Il brand PlayStation entra in crisi nella seconda metà degli anni zero, non solo "per colpa" di Nintendo e Microsoft - a cui va riconosciuto il merito di aver introdotto tecnologie radicalmente innovative sul fronte delle interfacce (Wii, DS) e dei network (Xbox Live). Assediata a destra e a sinistra da competitor sempre più agguerriti e tecnicamente brillanti in ogni settore dell'elettronica di consumo - della telefonia mobile, dei videogiochi, della televisione, dell'informatica e delle videocamere - Sony oggi arranca. Diversi analisti hanno sottolineato che nell'ultimo decennio l'azienda ha proposto innovazioni incrementali, anziché perseguire la via dell'innovazione sostanziale.
In ambito videoludico, per esempio, Sony sembra ormai rassegnata a svolgere il ruolo di semplice trend follower, proponendo, con ritardi sempre più imbarazzanti, tecnologie e servizi già offerti dai concorrenti. Non a caso, la presentazione di Sony all'Electronic Entertainment Expo del 2006 è ricordata come una delle peggiori della storia della manifestazione videoludica losangelina.
I fanboys non aspettavano altro. A tutt'oggi, "How to Kill a Brand" (2007) di Doc Adams, altrimenti noto come "PS3 Song", ha registrato oltre sei milioni e mezzo di hits su YouTube e oltre 135,000 commenti, diventando un vero e proprio meme.
Sorprendentemente, l'azienda nipponica ha impiegato un lustro per rispondere alla sfida dei controlli gestuali lanciata da Nintendo con Wii nel 2005. Il cono-gelato Move, infatti, è stato introdotto solo sul finire del 2010, senza fare grandi scintille. Il fatto che Move sia stato commercializzato in simultanea a Microsoft Kinect, un dispositivo che prevede un'interfaccia trasparente, trasformando il corpo stesso dell'utente in un controller modello Minority Report, non ha aiutato. Kinect è diventato in pochi mesi un fenomeno culturale e tecnologico prima ancora che ludico: hacker, artisti e geek di tutto il mondo lo hanno usato per creare installazioni artistiche, performance musicali ed esperimenti scientifici di ogni tipo. Anziché boicottare gli utenti più intraprendenti, sguinzagliando avvocati e intentando cause legali, Microsoft ha attivamente promosso questo tipo di attività "alternative", rilasciando il codice sorgente di Kinect e sostenendo la comunità degli hacker.
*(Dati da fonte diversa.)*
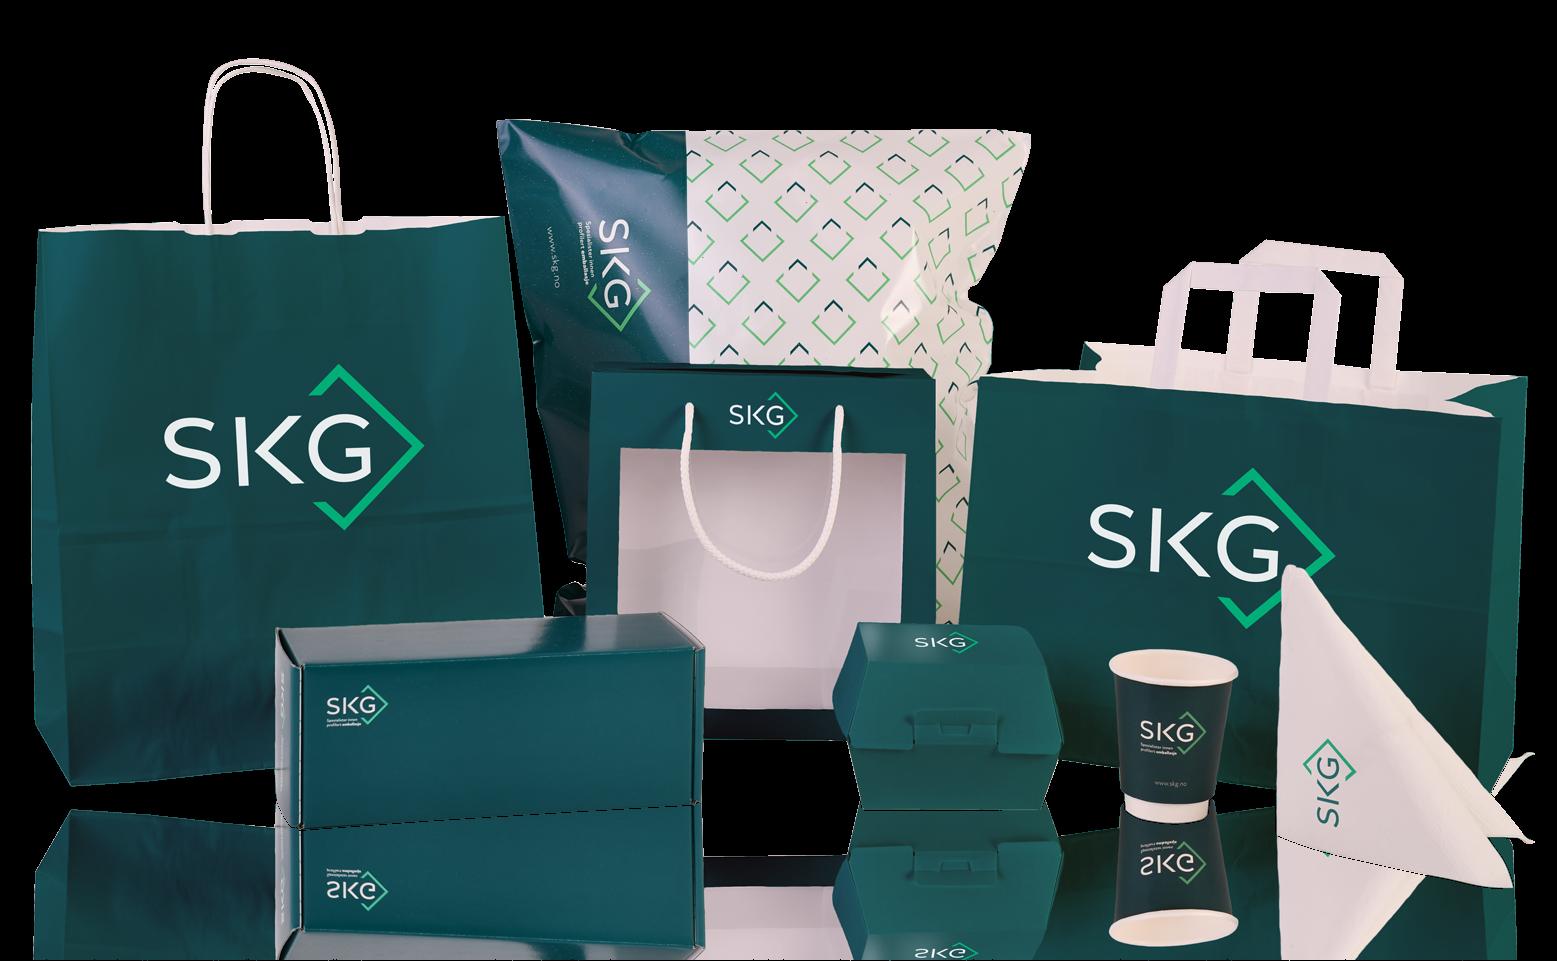 Poser, esker, kopper og Take Away emballasje med logo | SKG - Spesialister innen profilert emballasje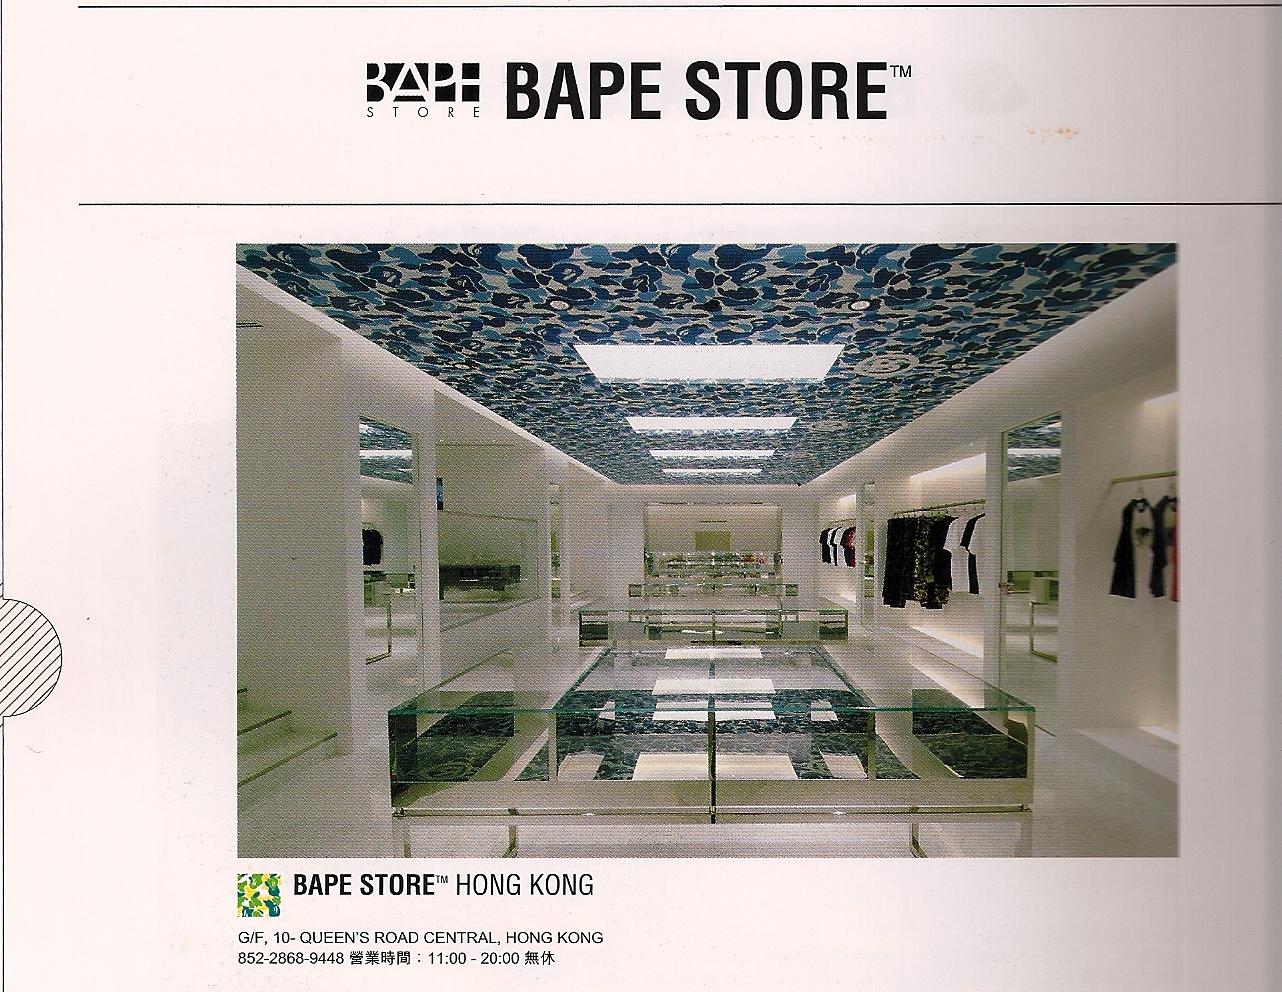 Bape Store Hong Kong in A ABathing Ape 2006 Catalog

L'introduzione di PlayStation HOME, un mondo virtuale per gli utenti di PlayStation 3, rappresenta il tentativo di Sony di cavalcare l'entusiasmo - di breve durata - per i virtual worlds. Risposta di natura essenzialmente "corporate" e iper-mercificata a Second Life, HOME era un prodotto obsoleto in partenza. Il fatto che sia stato introdotto nel 2008, quando l'interesse per l'ambiente virtuale di Linden Lab era ormai scemato e non solo a livello mainstream - all'idea di socializzare in uno spazio 3D si è sostituita quella di interagire in uno spazio 2D (Facebook, Twitter etc.) - non ha aiutato.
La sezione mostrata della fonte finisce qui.